Systematic Depth With Minimal Components
The game achieves remarkable tactical sophistication through a deck of cards and careful rule design. There are no randomization tables and no complex bookkeeping systems that overshadow the experience. Everything flows through the deck and a straightforward sequence of play. This minimalism reduces setup overhead compared to more component-heavy wargames, while the card interactions create a satisfying puzzle of logistics, suppression management, and positioning that rewards careful thought on every turn.
Potential Drawbacks
The Notorious Rulebook
The rulebook has achieved legendary status for its opacity. AzureDeath recounts persevering through roughly a hundred hours of wrestling with the text before the game finally clicked. Even with prior wargaming experience, the original rulebook is considered a serious obstacle. While a later deluxe edition improved the presentation, the learning curve remains the game's most significant barrier to entry. Players without substantial free time and patience may find it prohibitive.
Not a Beginner's Game
Fields of Fire demands commitment and prior familiarity with wargaming concepts. The complexity emerges not just from rules density but from the number of interacting systems: terrain, unit positioning, suppression states, command friction, and casualties all interact meaningfully. New players to the hobby should start elsewhere. The game rewards mastery only after substantial investment, making it suitable primarily for experienced solitaire players and dedicated wargamers.

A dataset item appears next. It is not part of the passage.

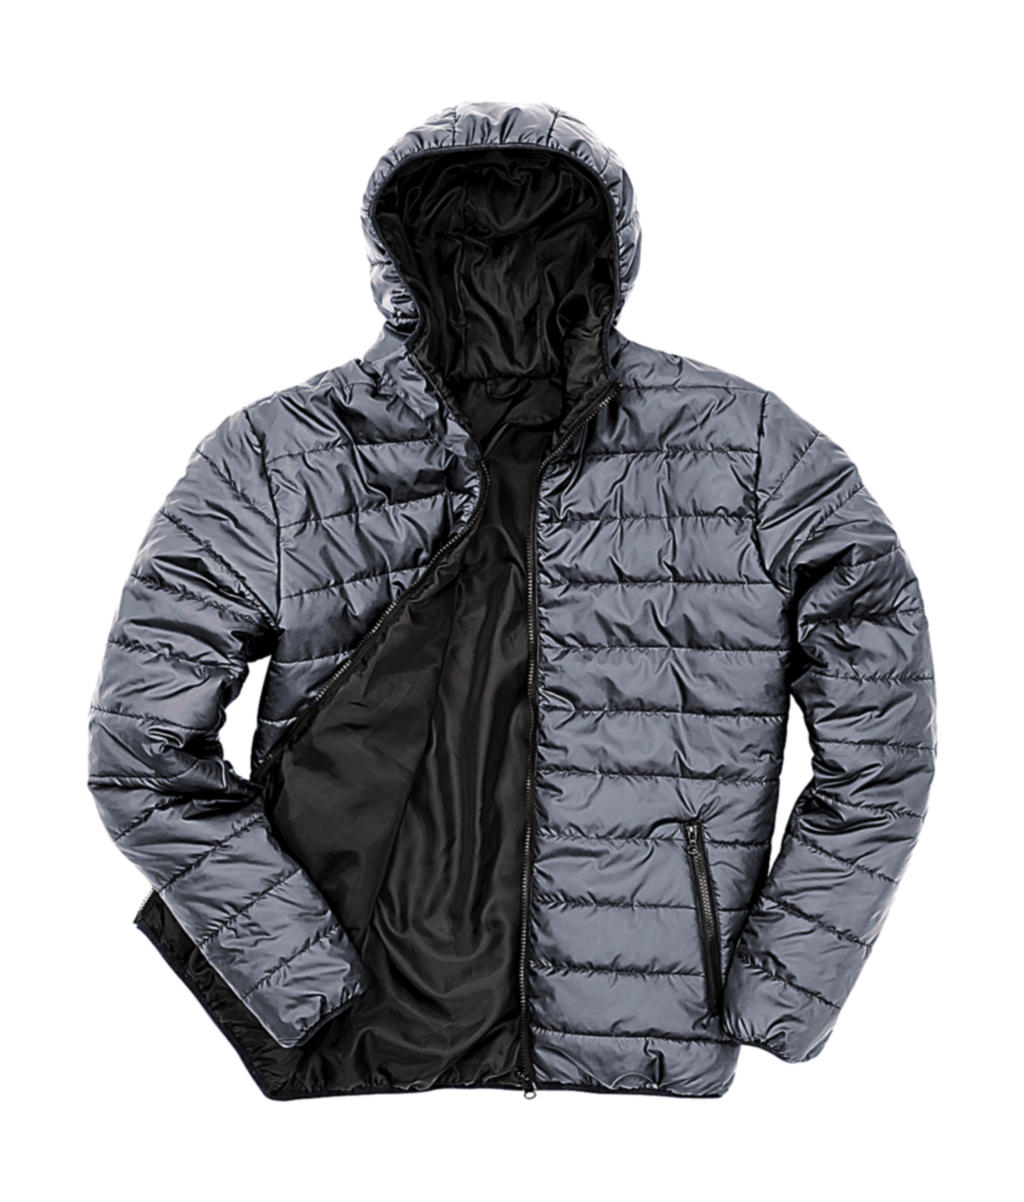 Pánská polstrovaná bunda Result s kapucí Velikost: XS, Barva: Frost Grey/Black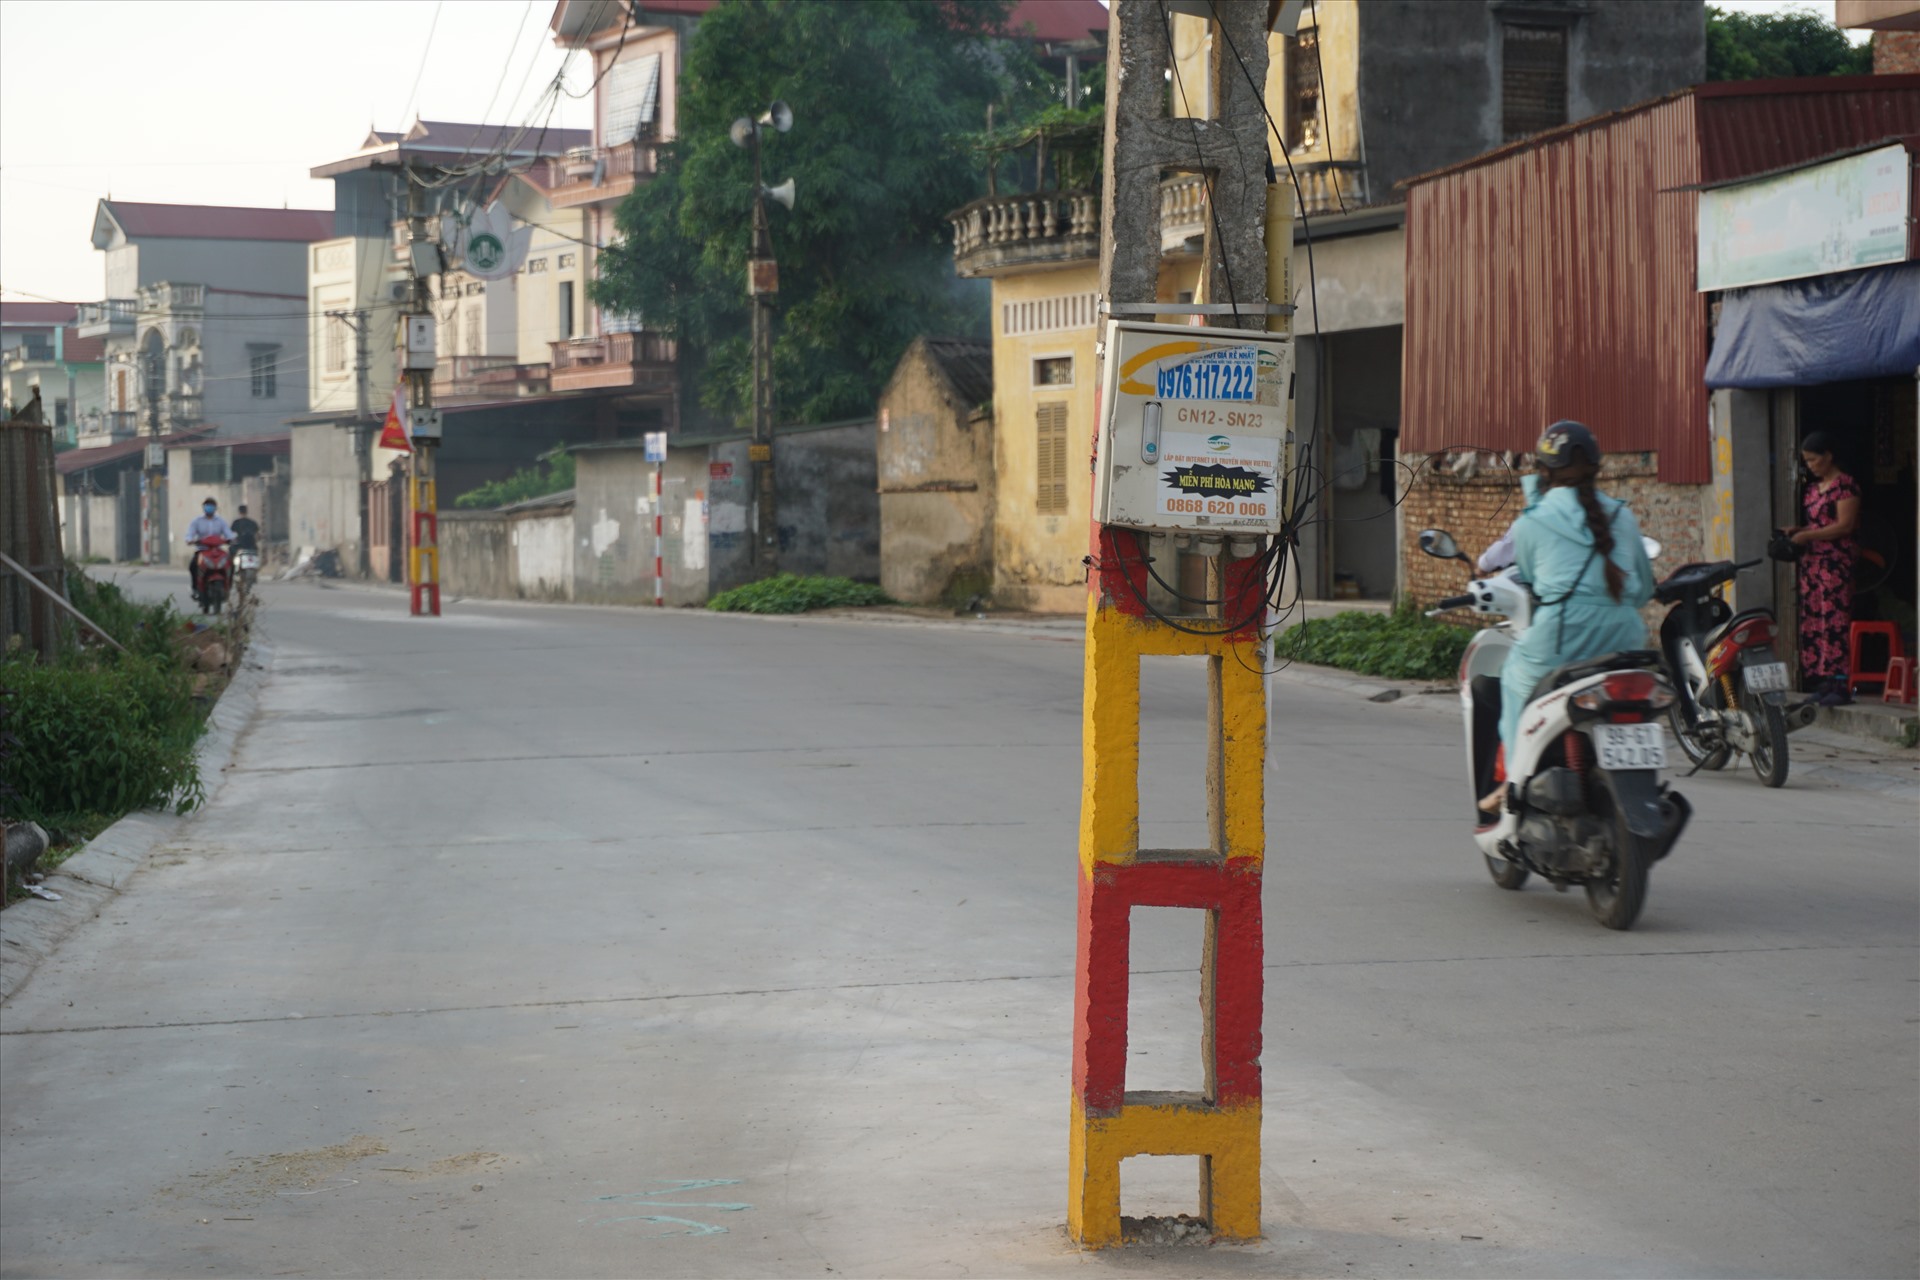 Lãnh đạo địa phương cho hay, những cột điện không được di chuyển vì không nằm trong dự án nâng cấp tuyến đường. Ảnh: Long Nguyễn.

If You Enjoy Fields of Fire
Solo wargaming enthusiasts should explore Combat Commander, which shares Fields of Fire's infantry focus and supplies similarly emergent narratives through a card-driven engine. Undaunted offers World War II tactical play with a more accessible deck-building ruleset. Thunderbolt Apache Leader provides another solitaire historical experience with a different level of complexity. For those drawn to procedurally generated solo campaigns, Space Empires 4X delivers elegant emergent storytelling in a different genre. Each shares Fields of Fire's reward for patient mastery.
What Reviewers Are Saying
"This game just has it. The picture that this paints, the stories that it tells with the procedurally generated maps using these map cards, and the way that you command your platoon and move them around, you explore the map and you uncover enemies, and the way that they can get attacked with artillery or jump into machine gun fire. The stories that this tells and the tactical situations that this creates is just insane."
— AzureDeath Solo Board Gaming
"If what you want is to experience a narrative, and as part of that narrative to be challenged, either to compete within the framework of the narrative or to question it, then this is the kind of design that delivers exactly that."
— Beyond Solitaire
"This rule book is so terrible. I persevered. I must have spent like a hundred hours figuring out how to play this damn game, but it paid off. Once I finally figured it out, this game just has it. It blew my mind."